Looking out over those hundreds of 10 b/sec drones, I had an epiphany (though maybe someone else in there had the exact same epiphany as me at that instant, hmm…). While I was critiquing the Meister claim in my head, are we not all guilty of doing the exact same thing to neurons?

When we look at neurons’ spike trains, we see a sequence of discrete spikes over time. This is literally communication over a channel (what information theory actually describes), and the temptation to ascribe a number to that channel or each spike is too tempting for engineers and physicists (particularly in the digital age where everything from calculators to TV screens is measured in bits). But spikes being communicated off a neuron are not the same thing as information propogating through an engineered information channel.

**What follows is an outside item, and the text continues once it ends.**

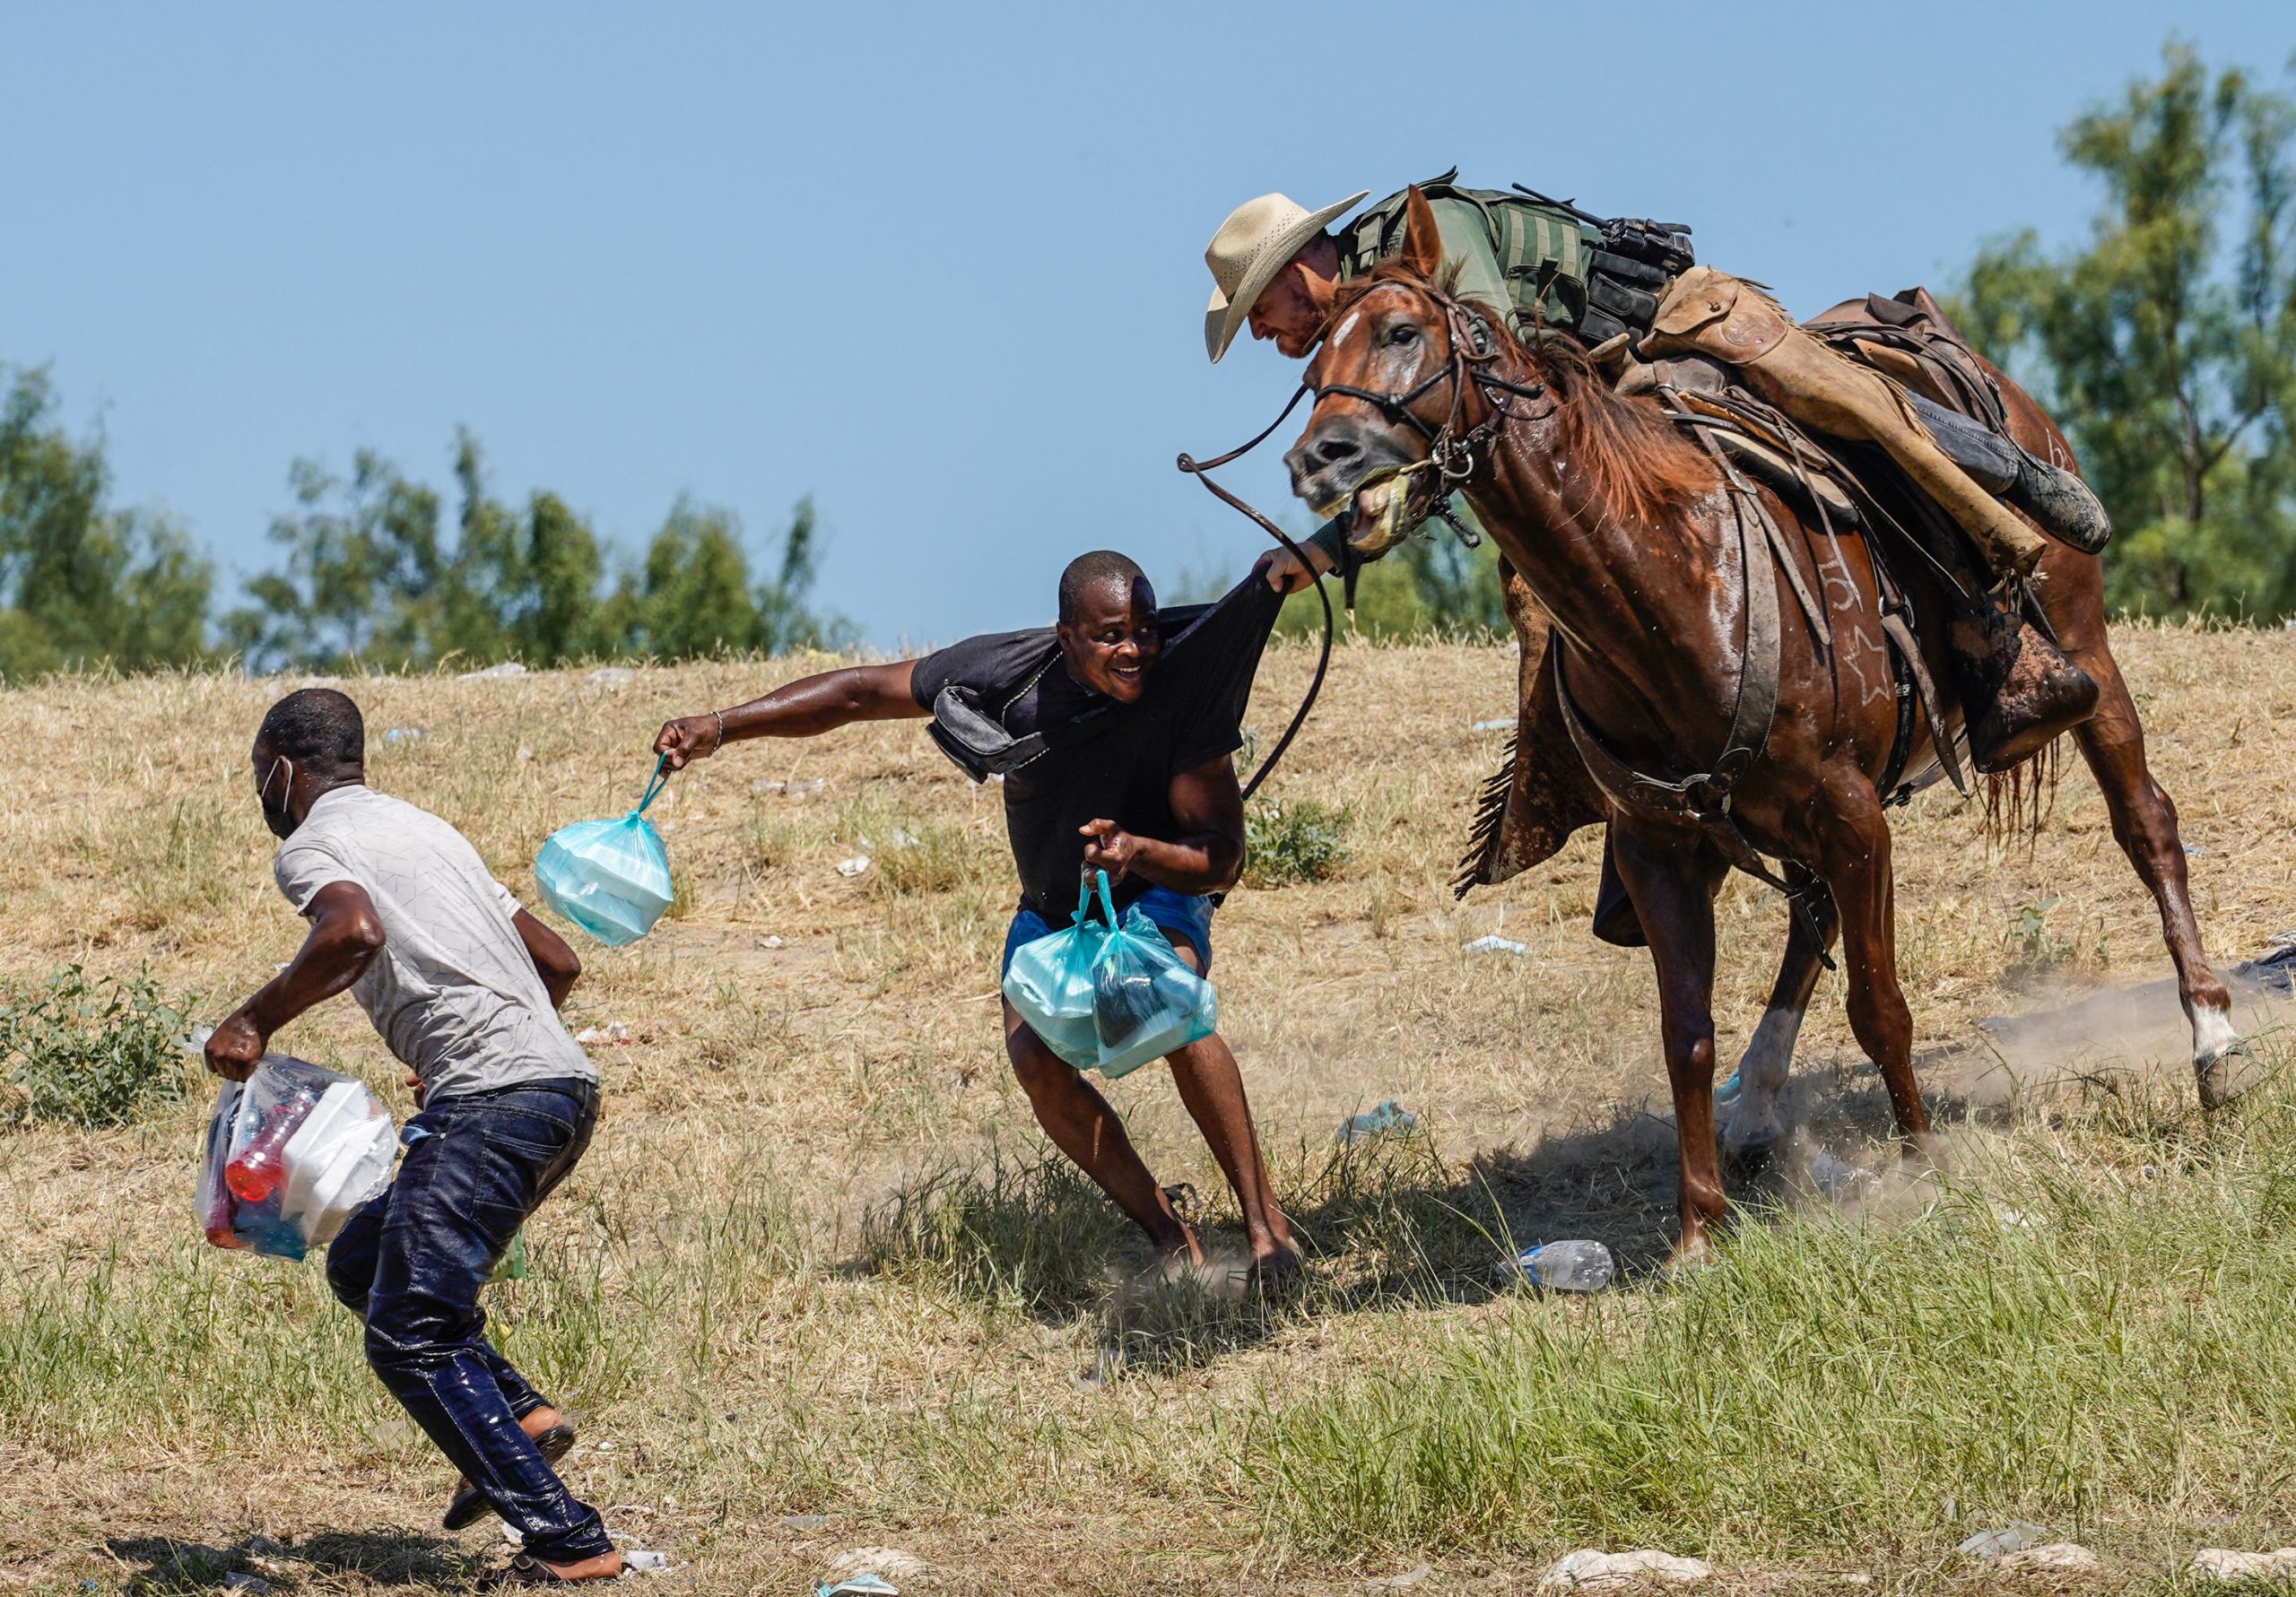 A United States Border Patrol agent on horseback tries to stop a Haitian migrant from entering an encampment on the banks of the Rio Grande near the Acuna Del Rio International Bridge in Del Rio, Texas on September 19, 2021. (Photo by PAUL RATJE / AFP) (Photo by PAUL RATJE/AFP via Getty Images

Individual neurons are incredibly complex. Like people, the information content of neurons’ inputs are orders of magnitude larger than their output channels. And like people, the internal processing within neurons dwarfs the deceptively simple output of 1’s at discrete times traveling down axons.

This is where I think both modern AI and neuroscience kind of break down. They assume the neurons’ spike trains are a lossy representation of their inputs; a slice through input space in a computational-learning theory formulation, and thus everything collapses into a simple ANN. By ignoring all of the richness of the neuron before the spike, have we doomed ourselves to both inefficient algorithms for AI and poor models of neural computation in the brain? All of this complexity in dendritic arbors and internal subthreshold dynamics is just something that can be reduced to a simple low bandwidth channel? (Incidentally, and perhaps the subject of a later post, I find this recent analysis of Christopher Lynn similarly limited; why try to interpret compressed neuron representations like this in the first place?)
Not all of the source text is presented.